__PROBLEM STATEMENT__
Copy every record exactly as it stands. Leave the pictures out.

:::

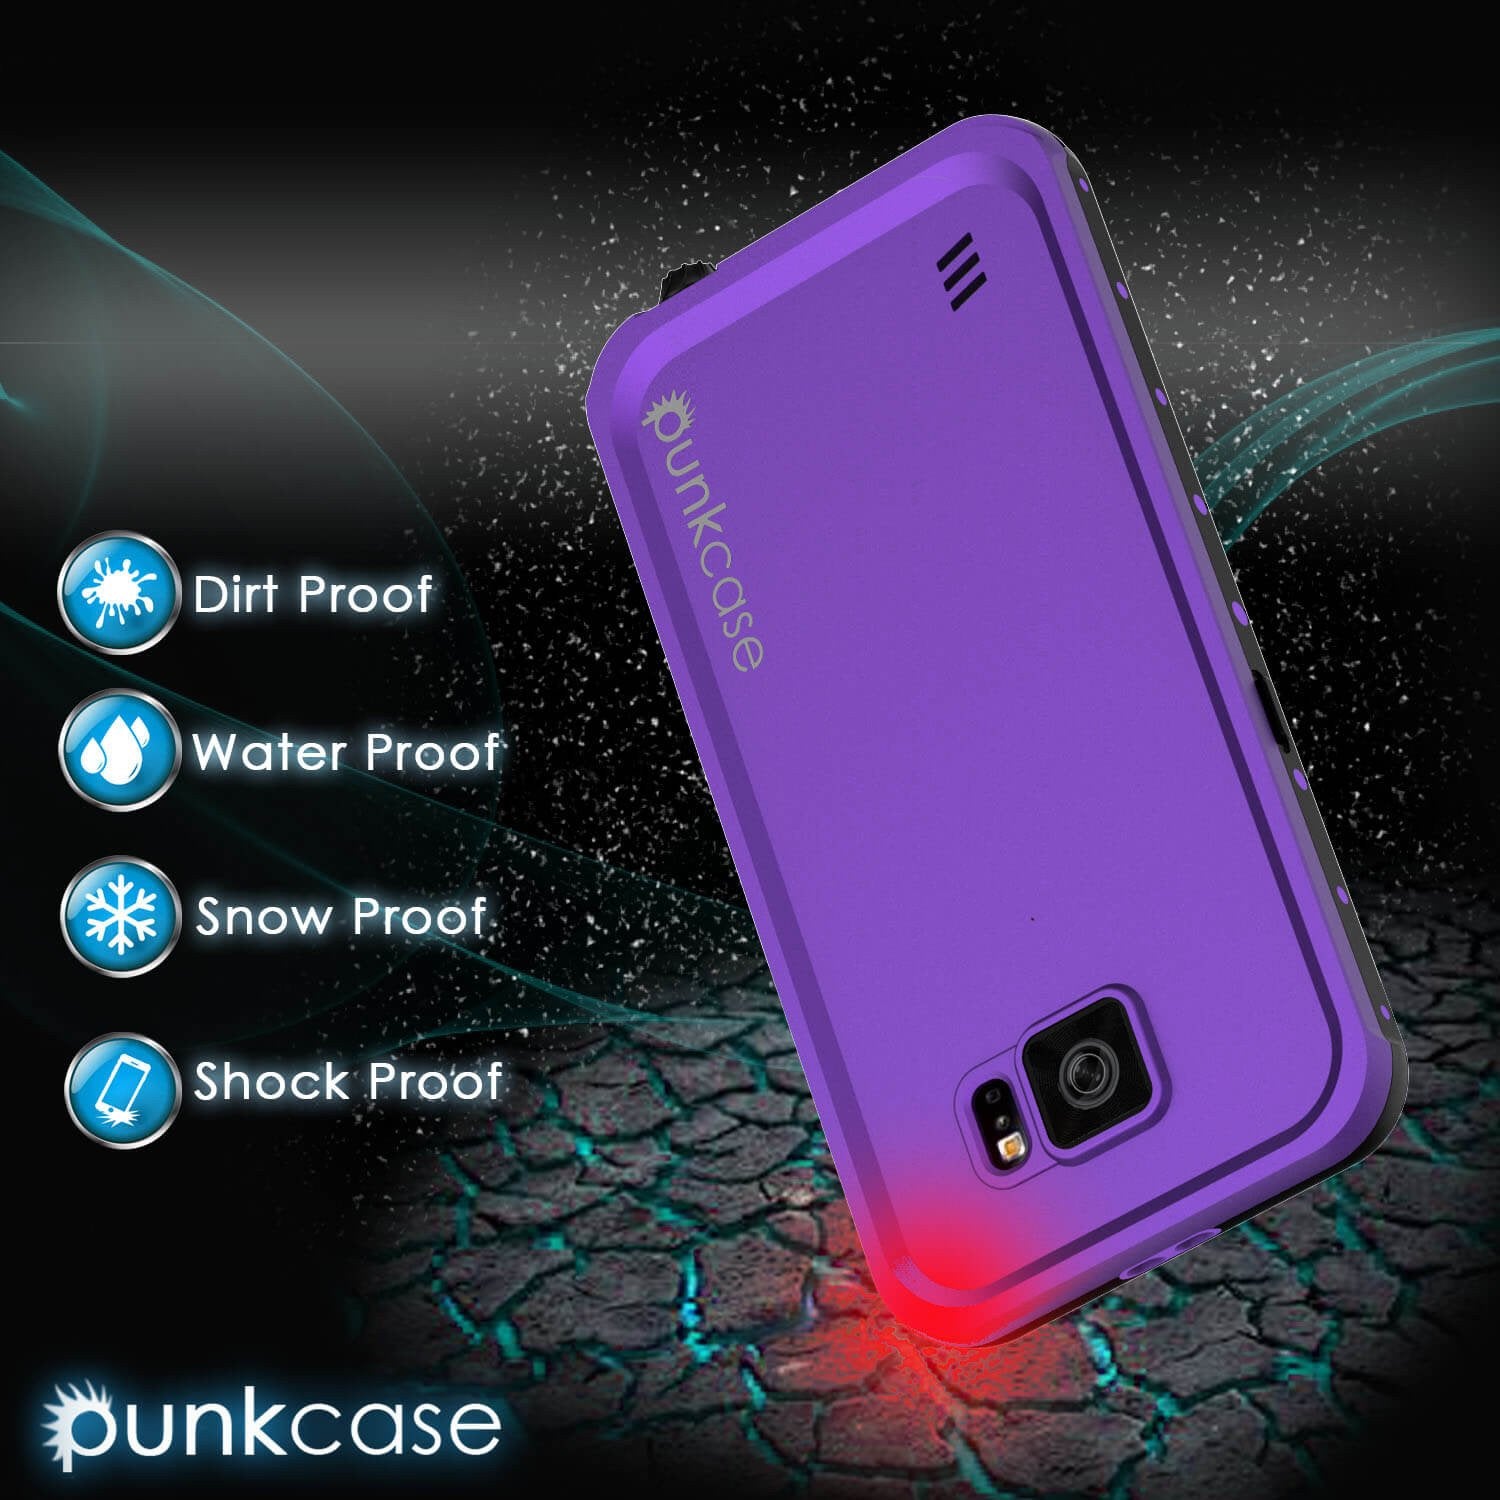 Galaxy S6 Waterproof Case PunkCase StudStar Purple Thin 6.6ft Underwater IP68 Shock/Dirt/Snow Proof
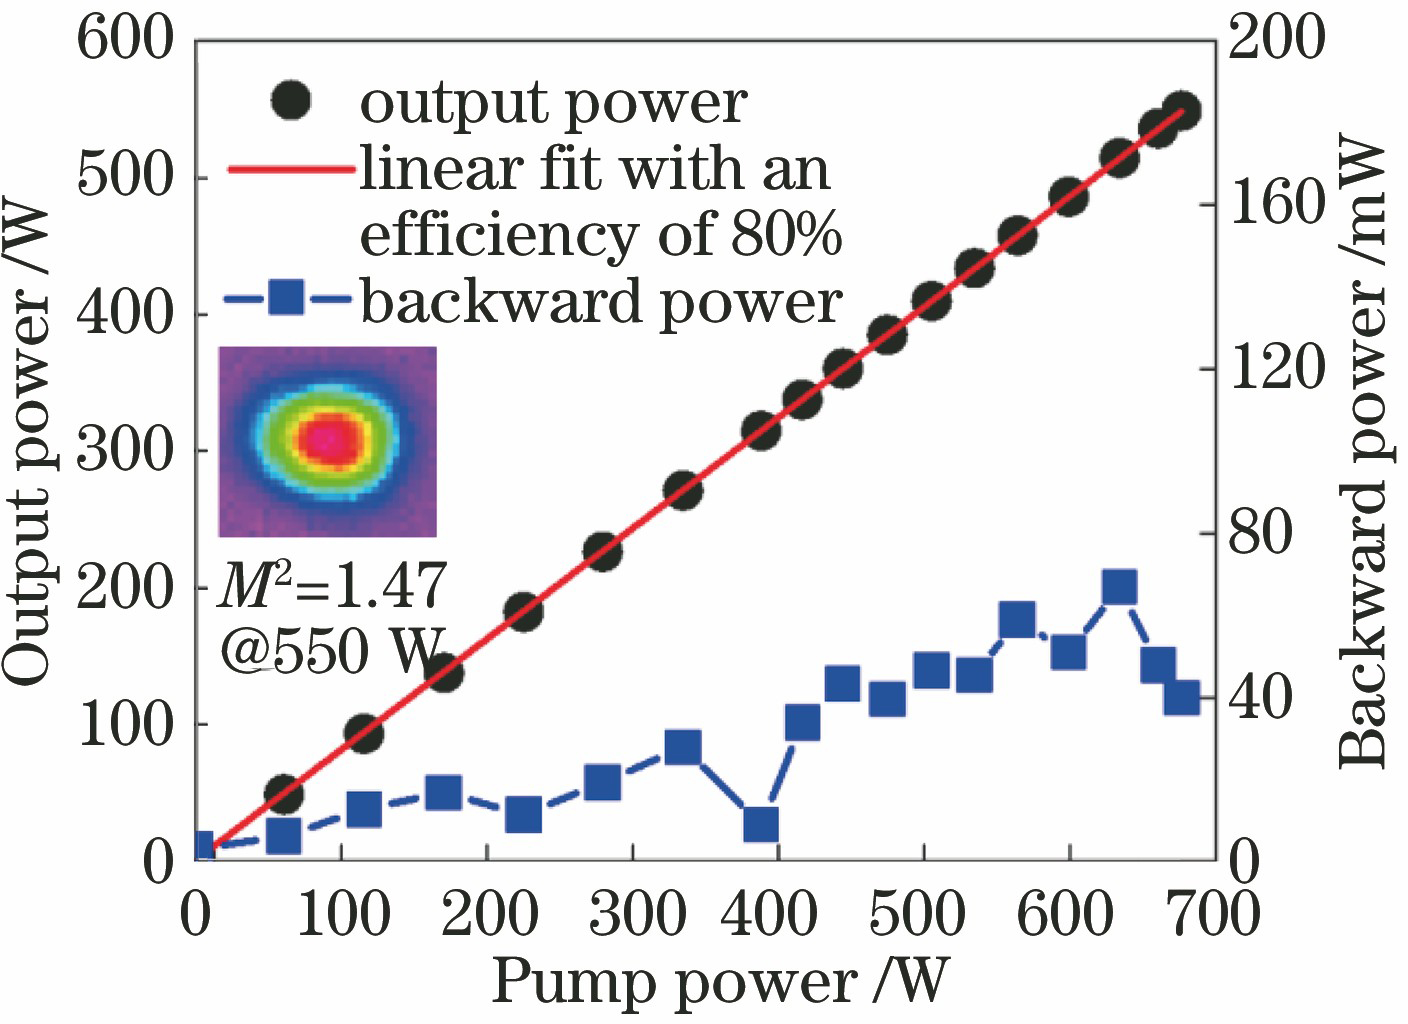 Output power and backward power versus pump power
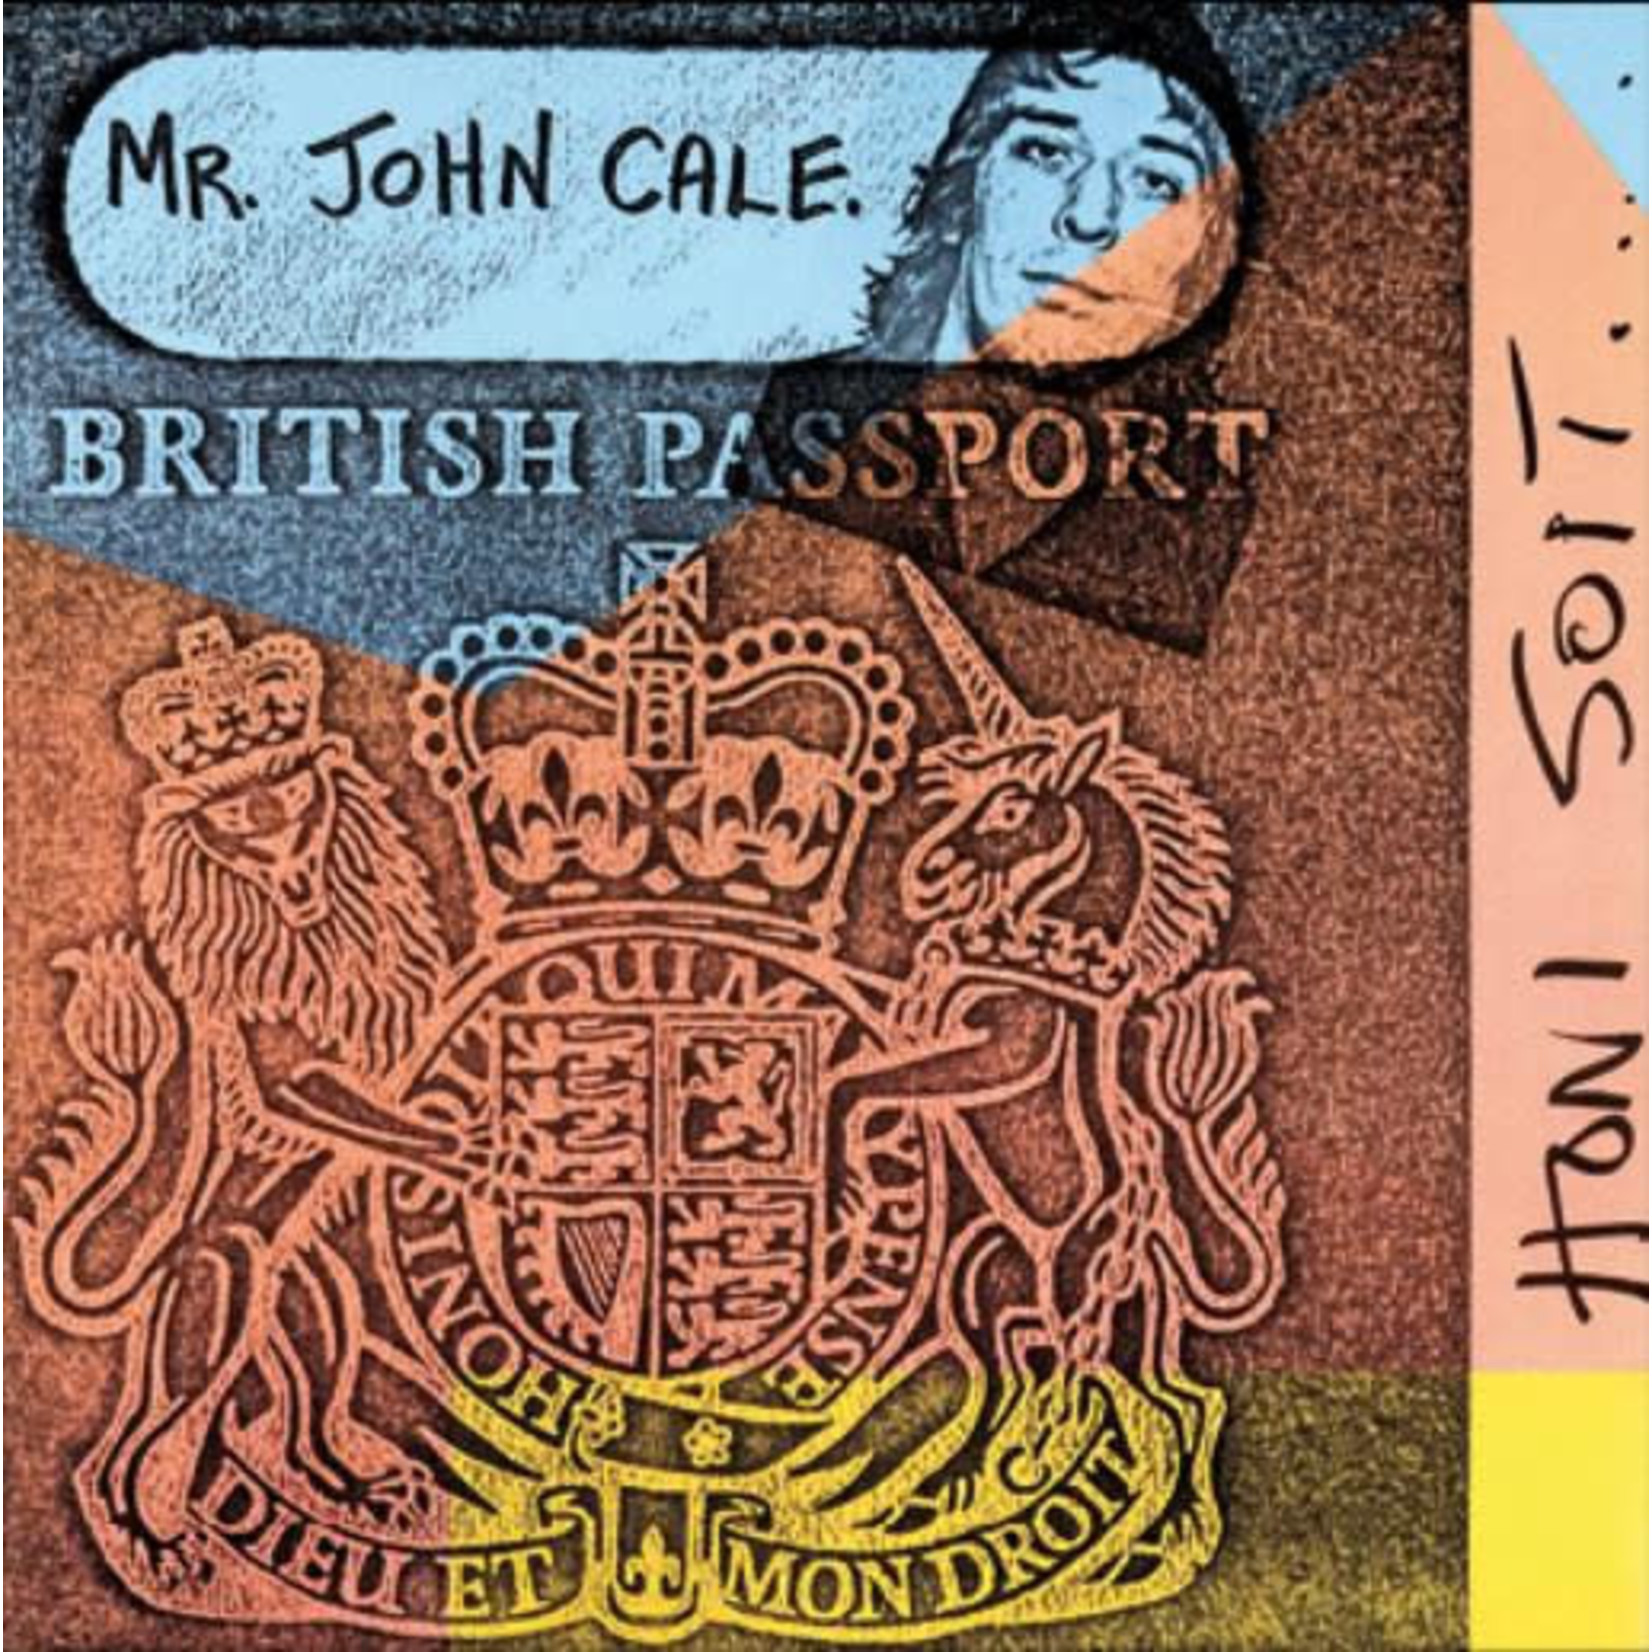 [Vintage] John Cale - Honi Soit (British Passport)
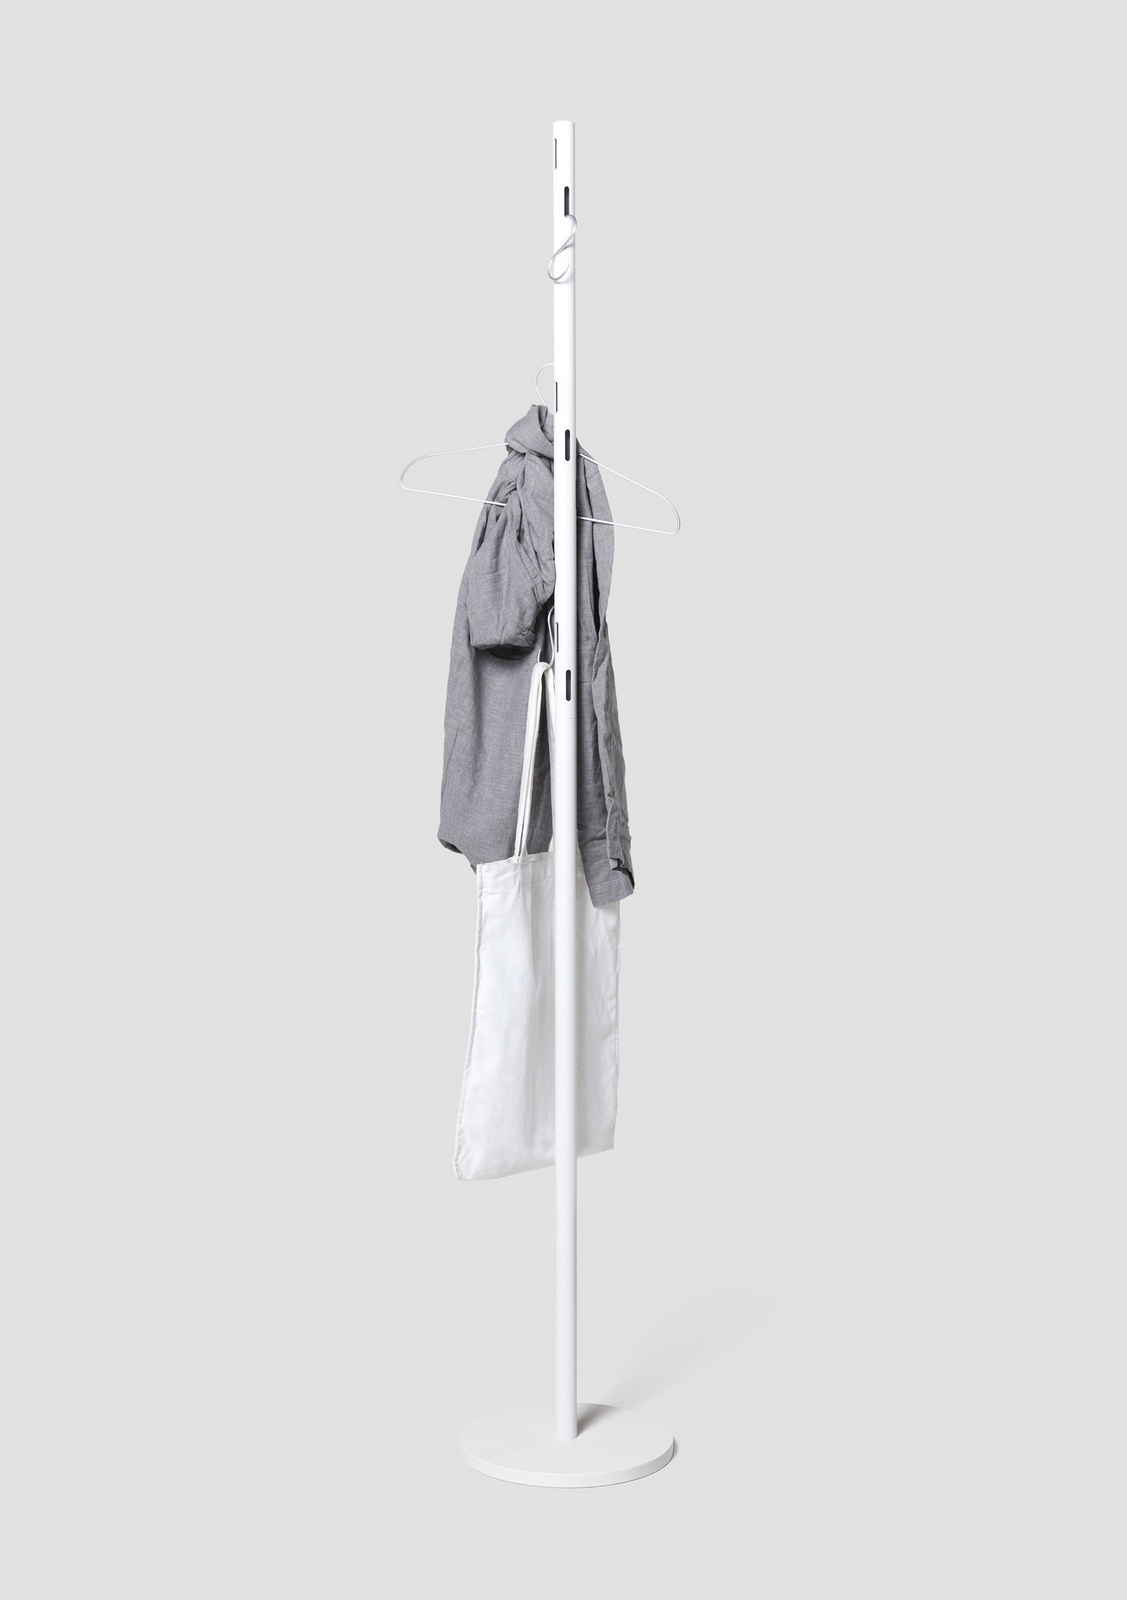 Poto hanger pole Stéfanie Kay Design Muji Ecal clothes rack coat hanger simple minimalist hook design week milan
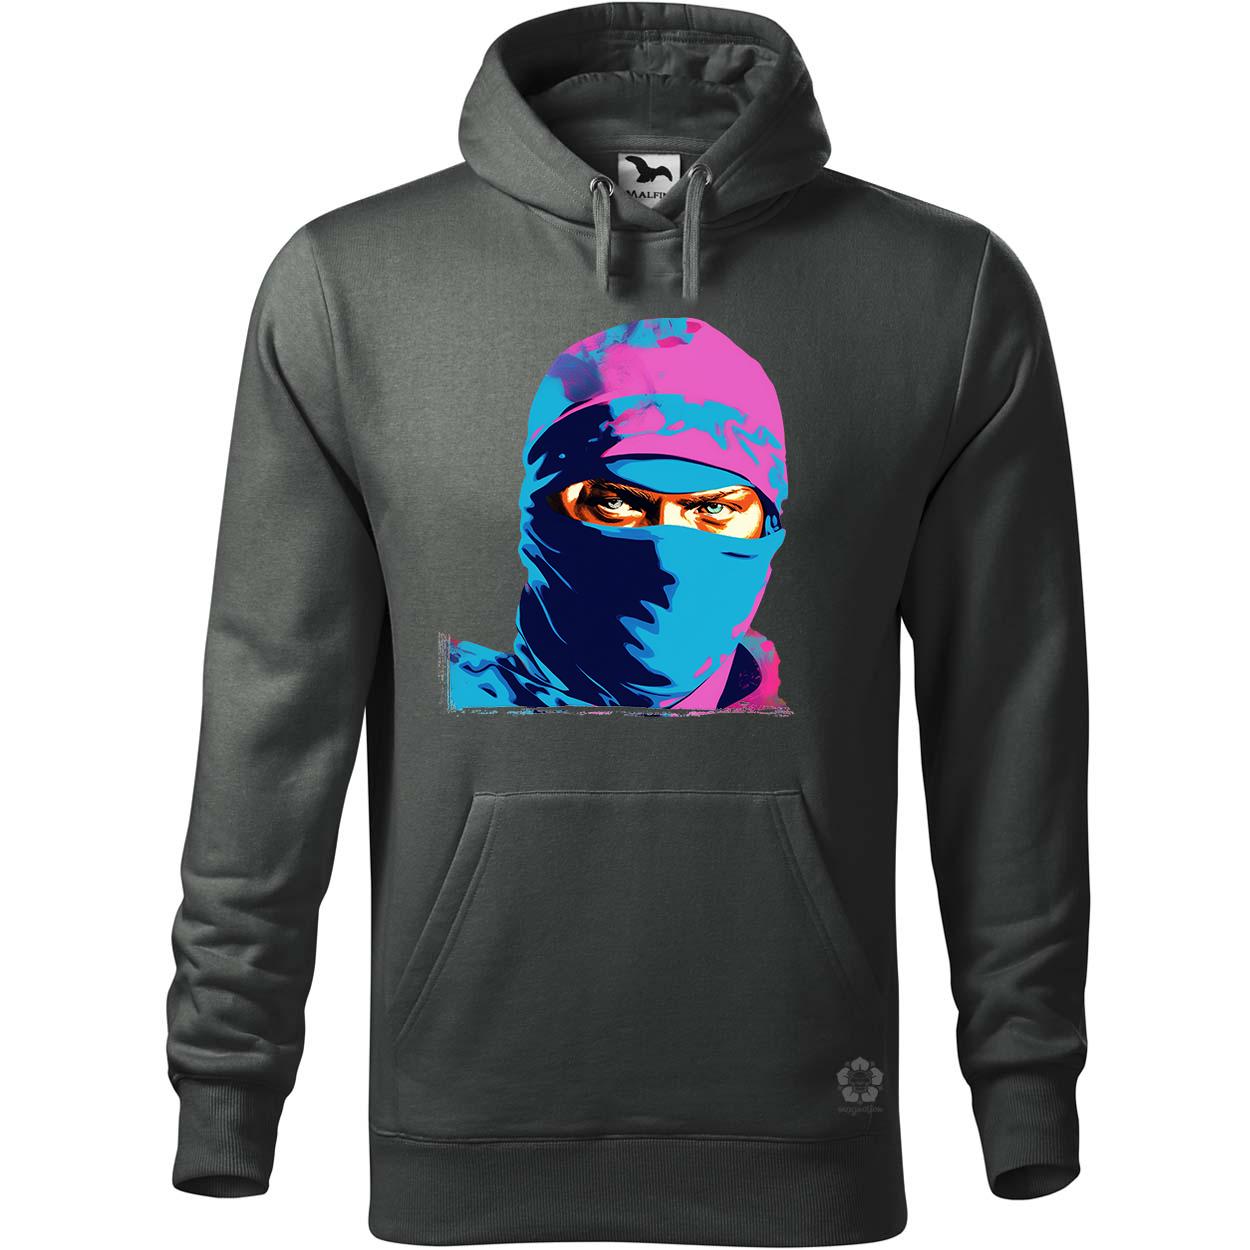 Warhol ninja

:::

__COMPLETED TASK__
 Galaxy S6 Waterproof Case PunkCase StudStar Purple Thin 6.6ft Underwater IP68 Shock/Dirt/Snow Proof
 Output power and backward power versus pump power
 [Vintage] John Cale - Honi Soit (British Passport)
 Poto hanger pole Stéfanie Kay Design Muji Ecal clothes rack coat hanger simple minimalist hook design week milan
 Warhol ninja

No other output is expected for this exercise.